Ah, os gêmeos... o que falar deles? Malignos, engraçados e, praticamente, iguais aos seus personagens no animê. Esses dois mereciam um prêmio por serem essas gracinhas malvadas. Hikaru e Kaoru são os gêmeos atentados que, literalmente, põem fogo no drama. São os únicos que não tem medo de nada, zoam com todo mundo, principalmente com o Tamaki por ser o mais inocente de todos, fazem uso de incesto falso para sobreviverem no Host Club, sentem ciúme e amor imenso por Haruhi, por ser a única capaz de distingui-los sem chutes e margens de erros. No entanto, suas maneiras de amar são diferentes: Kaoru é mais maduro e reconhece que seu amor por Haruhi é apenas coisa de amigos/irmãos; já Hikaru é todo infantil, problemático e não consegue perceber que está apaixonado pela sem gracinha. Enfim, são apenas um, ou seja, eles são um lindo elevado ao quadrado.


Kyoya... aiai Kyoya... não preciso dizer que ele é meu gatinho preferido no drama, né? Eu não sei por que, mas sempre me sinto atraída pelo gatinho do mal que, na verdade, não é do mal, só se faz de do mal, compreende? Kyoya é o tipo intelectual, que não deixa passar nada, que se faz de maligno, porém gosta de ajudar e fazer o bem. É graças a ele que a Haruhi entra no Host Club para pagar o tal vaso que quebrou. Além de tudo, sem falar que o Daito Shunsuke não é de se jogar fora, convenhamos...


O que é esta criatura anã, minha gente? Indignação tomando conta do meu ser. Honey era para ser a coisa mais lolita, fofa e linda do universo. E, quando eu vou assistir, com o que me deparo? Com essa decepção, essa indignação profunda que se abateu sobre o mim ao ver essa coisa de cabelo mal cortado e que diminui de tamanho! Sacanagem, hein, produção? Honey devia ser fofo até lutando.
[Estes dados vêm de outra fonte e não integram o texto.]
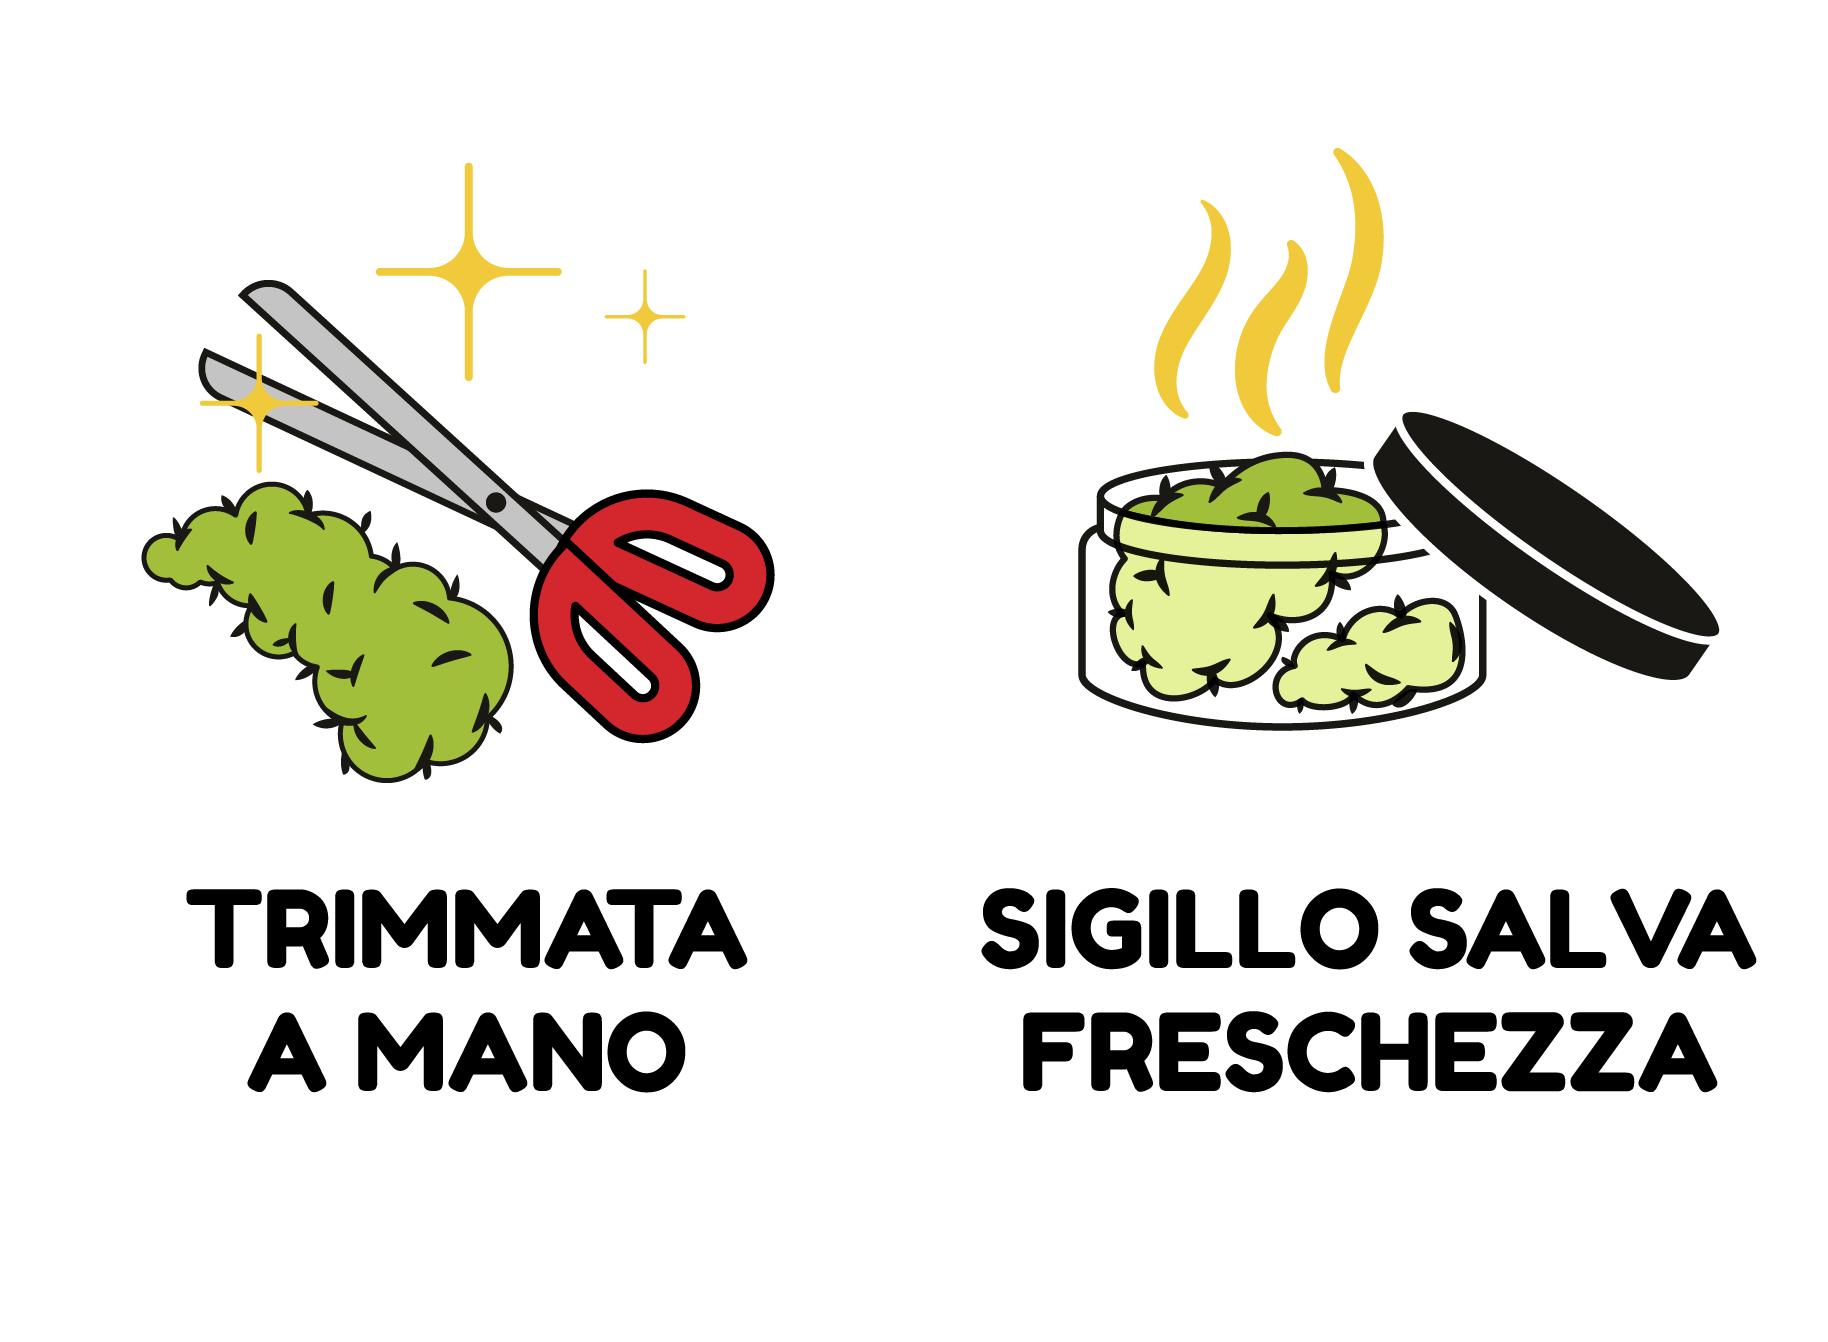 TRIMMATA A MANO - SIGILLO SALVA FRESCHEZZA

E alguém pode me explicar o que é esse negócio de ele engrossar a voz cada vez que fica bravo? Pela madrugada, tenha santa paciência, hein?


Sobre o Mori não tem nem o que falar. É o único que não fede, não cheira e quase não tem fala. Só fica parado durante o drama e o animê inteiro, essa marmota!


RENGE? CADÊ ELA NO DORAMA? Eu senti falta da otaku maluca viciada em games - e Kyoya! Ela apareceu em dois míseros capítulos, não deu sua risada maligna mais que especial e não surgiu em cima daquele seu palco giratório em vários lugares. Como assim? Sem gastos com elenco de apoio?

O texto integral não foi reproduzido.